Ms. Miley's connection to Mr. Shakti has helped open doors, but security concerns still frustrated efforts to get projects going. Impromptu meetings with Iraqis have proved all but impossible; visits to project sites are complicated by the need for military protection.
Ms. Miley's personnel can only venture into Tikrit and other nearby cities a few times a week, and they always travel in convoys of at least three armored Humvees protected by heavily armed U.S. military personnel. Trips are regularly scrapped at the last-minute because of gunfire or roadside bombs, and several military members of the team have been wounded in insurgent ambushes.

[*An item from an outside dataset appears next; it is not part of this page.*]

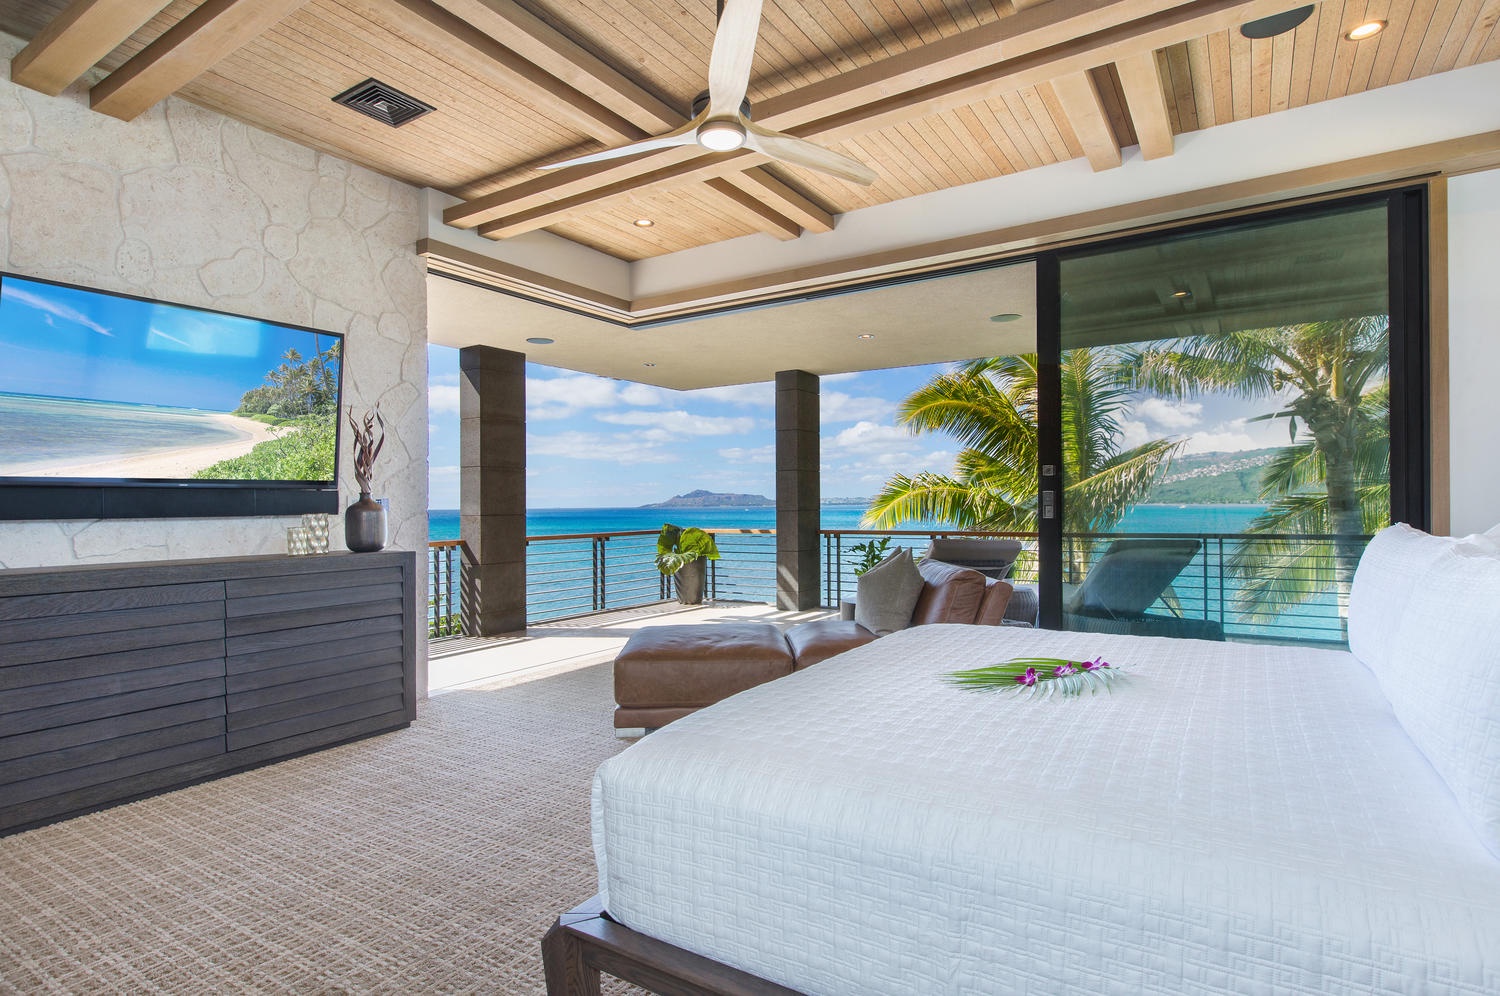 Honolulu Vacation Rentals, Ocean House 4 Bedroom - Primary bedroom views

Due to safety concerns, many of the team's Iraqi counterparts spend extended periods of time out of the country. Mr. Shakti, for instance, speaks defiantly of never bowing to the insurgents who killed his wife. He says insurgents have tried to assassinate him 16 times. But U.S. officials say he spends at least as much time in Dubai and Jordan as he does in Iraq.
The security restrictions have hampered provincial teams across Iraq. An October audit by the Special Inspector General for Iraq Reconstruction, Stuart Bowen, found that just four of the State Department's 13 main and auxiliary PRT offices then in operation were "generally able" to function effectively and recommended closing the offices in the bloody Basra and Anbar provinces entirely.
Ms. Miley's PRT has also faced criticism from U.S. military commanders.
While Ms. Miley has been trying to build a courthouse, the military has been building a string of new greenhouses across the province. The greenhouses are to include adjacent plots of land where Iraqi farmers can experiment with different types of crops.
The idea for the greenhouses originated with Iraqi agricultural officials, but the Army isn't relying on the Iraqi government to fund or manage the project. Instead, the greenhouses are being purchased with American money, and the 82nd Airborne Division is in charge of hiring the Iraqi contractor and overseeing the actual construction work.
"You need to grab the low-hanging fruit," said Capt. Dan Cederman, a civil-affairs officer for the 82nd Airborne Division. "You need to knock down some short, quick goals to show the Iraqis they have something to gain."